─── Dataset content ───
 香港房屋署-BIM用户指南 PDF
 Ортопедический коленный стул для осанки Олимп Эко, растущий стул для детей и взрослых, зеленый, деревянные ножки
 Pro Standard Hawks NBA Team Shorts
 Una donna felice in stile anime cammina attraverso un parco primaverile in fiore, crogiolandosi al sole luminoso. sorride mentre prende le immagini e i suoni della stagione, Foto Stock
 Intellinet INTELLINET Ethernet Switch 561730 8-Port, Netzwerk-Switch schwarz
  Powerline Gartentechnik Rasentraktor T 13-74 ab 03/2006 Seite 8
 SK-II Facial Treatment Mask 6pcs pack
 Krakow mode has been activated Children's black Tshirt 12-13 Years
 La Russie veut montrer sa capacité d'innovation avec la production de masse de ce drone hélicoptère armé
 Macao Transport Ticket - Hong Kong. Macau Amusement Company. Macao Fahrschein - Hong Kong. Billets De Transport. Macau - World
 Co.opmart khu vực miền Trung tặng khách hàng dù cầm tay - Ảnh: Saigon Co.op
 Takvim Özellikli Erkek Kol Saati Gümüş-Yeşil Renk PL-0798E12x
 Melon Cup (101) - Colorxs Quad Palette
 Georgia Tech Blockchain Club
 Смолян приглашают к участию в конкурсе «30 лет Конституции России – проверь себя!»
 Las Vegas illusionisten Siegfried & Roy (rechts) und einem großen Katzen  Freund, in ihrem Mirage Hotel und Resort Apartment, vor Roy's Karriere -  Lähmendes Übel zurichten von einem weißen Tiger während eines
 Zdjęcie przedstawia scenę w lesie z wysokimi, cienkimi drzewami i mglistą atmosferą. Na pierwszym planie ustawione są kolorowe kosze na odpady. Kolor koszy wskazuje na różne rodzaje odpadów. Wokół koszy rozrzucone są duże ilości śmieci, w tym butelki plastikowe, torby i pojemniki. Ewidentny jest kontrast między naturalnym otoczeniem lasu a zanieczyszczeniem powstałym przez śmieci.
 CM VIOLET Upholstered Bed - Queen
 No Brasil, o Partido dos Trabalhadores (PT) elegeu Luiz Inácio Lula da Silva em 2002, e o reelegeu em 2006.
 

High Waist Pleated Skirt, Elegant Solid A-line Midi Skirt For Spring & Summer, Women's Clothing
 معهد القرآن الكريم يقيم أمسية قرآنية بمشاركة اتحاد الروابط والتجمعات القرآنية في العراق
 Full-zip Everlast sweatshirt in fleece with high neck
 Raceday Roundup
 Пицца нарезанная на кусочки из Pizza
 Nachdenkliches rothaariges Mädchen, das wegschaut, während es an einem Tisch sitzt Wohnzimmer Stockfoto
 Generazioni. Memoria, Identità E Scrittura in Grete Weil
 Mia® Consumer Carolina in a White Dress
───
To do: Which lines of the data hold the string "einem"? Return each of them.

Result:
 Las Vegas illusionisten Siegfried & Roy (rechts) und einem großen Katzen  Freund, in ihrem Mirage Hotel und Resort Apartment, vor Roy's Karriere -  Lähmendes Übel zurichten von einem weißen Tiger während eines
 Nachdenkliches rothaariges Mädchen, das wegschaut, während es an einem Tisch sitzt Wohnzimmer Stockfoto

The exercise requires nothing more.